Come una tappa del Giro fece tornare il ciclismo a una dimensione leggendaria

La mattina del 5 giugno 1988 nessuno dei protagonisti del Giro immaginava che la tappa di quel giorno sarebbe diventata tra le più celebrate nella lunga storia della corsa. A contendersi la vittoria finale ci sono la Maglia Rosa Chioccioli, che assomiglia a Coppi e viene chiamato affettuosamente Coppino, e l'americano Hampsten. Poi non mancano gli scalatori, i camosci che si esaltano quando la strada si fa ripida.

Curiosamente tra di loro ci sono due olandesi, bizzarro se si pensa che nei Paesi Bassi le salite non sono più impervie di un cavalcavia: ma per Erik Breukink e Johan Van der Velde l'obiettivo è, se non vincere la tappa, almeno arrivare primi sul Gavia, Cima Coppi a 2.600 metri e quindi montagna più alta del Giro. I motivi sono diametralmente opposti: il primo ambisce a salire sul podio finale e deve necessariamente fare selezione in salita, il secondo invece punta a mantenere la Maglia Ciclamino che sta indossando, consolidando la sua posizione.

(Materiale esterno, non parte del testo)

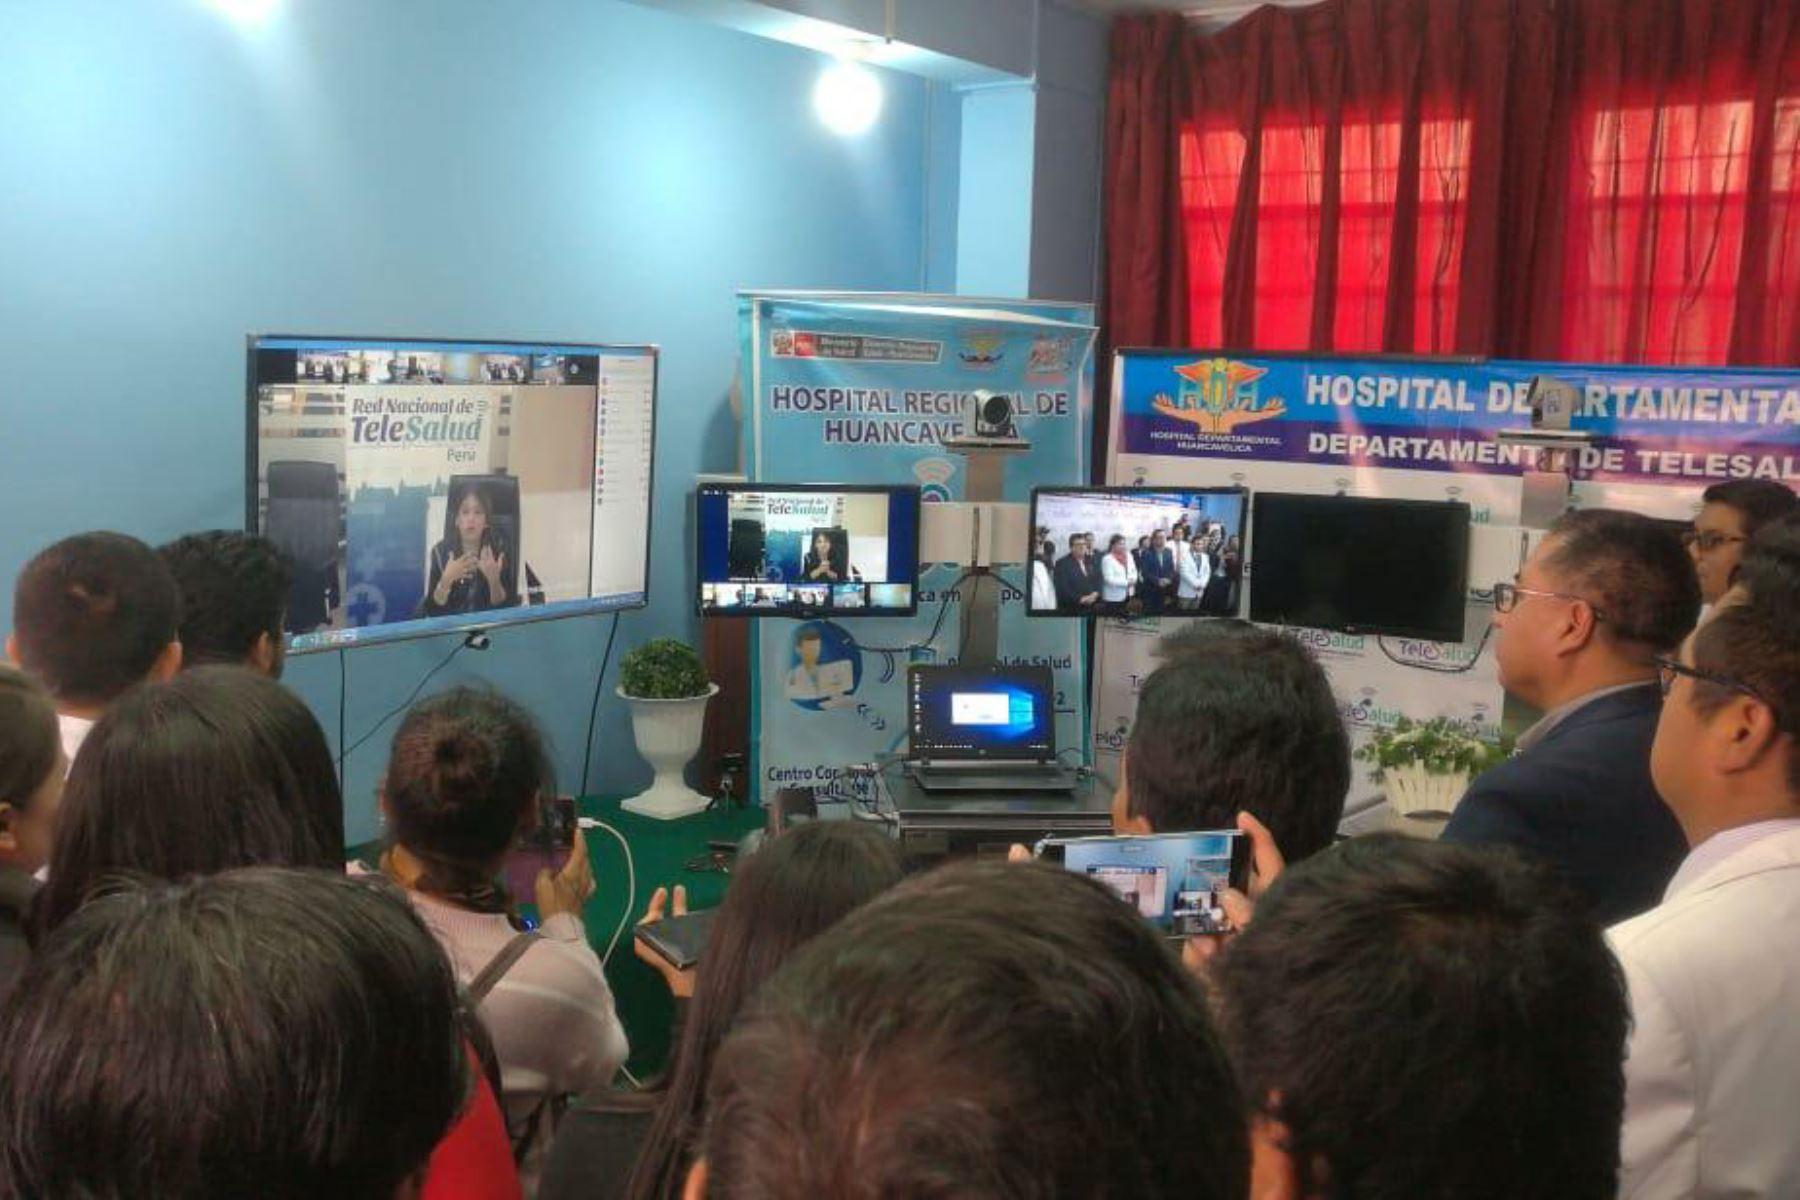 Implementan teleconferencias para prevenir enfermedades por bajas temperaturas. ANDINA/Difusión

 Odissea in salita… E in discesa!

Johan Van der Velde, Gavia Giro d'Italia 1988

Johan Van der Velde, Gavia Giro d'Italia 1988

Il pubblico davanti alla televisione, almeno fino a quando regge il segnale, vede sulle pendici innevate del Gavia, ad una temperatura prossima allo zero, la Maglia Ciclamino di Van der Velde attaccare scatenata. Johan sembra quasi incurante dei pericoli dati dall’asfalto, reso sdrucciolevole dalla neve: mentre gli altri si trasformano in tanti pupazzi bianchi, lui corre, e viene immortalato in una celebre foto, che ha dell’irreale, e lo ritrae senza neanche una mantellina per difendersi dal freddo.

Nel frattempo l'americano Hampsten, vestito di tutto punto dal suo previdente team, non ci pensa neanche a tenere quel folle ritmo, sicuro che nella lunga discesa verso Bormio ci sarà tempo per raggiungere il diavolo olandese. Dopo un’estenuante salita, attacca così una rocambolesca discesa, ma, non vedendolo più fino al traguardo, comincerà a porsi una domanda, la stessa che poi si faranno un po' tutti: che fine ha fatto il folle Johan, visto l'ultima volta a scollinare il Gavia in testa e poi inghiottito dalla bufera? Perché è proprio la lunga volata verso Bormio il pericolo più ostico, con il vento gelido e il rischio di assideramento.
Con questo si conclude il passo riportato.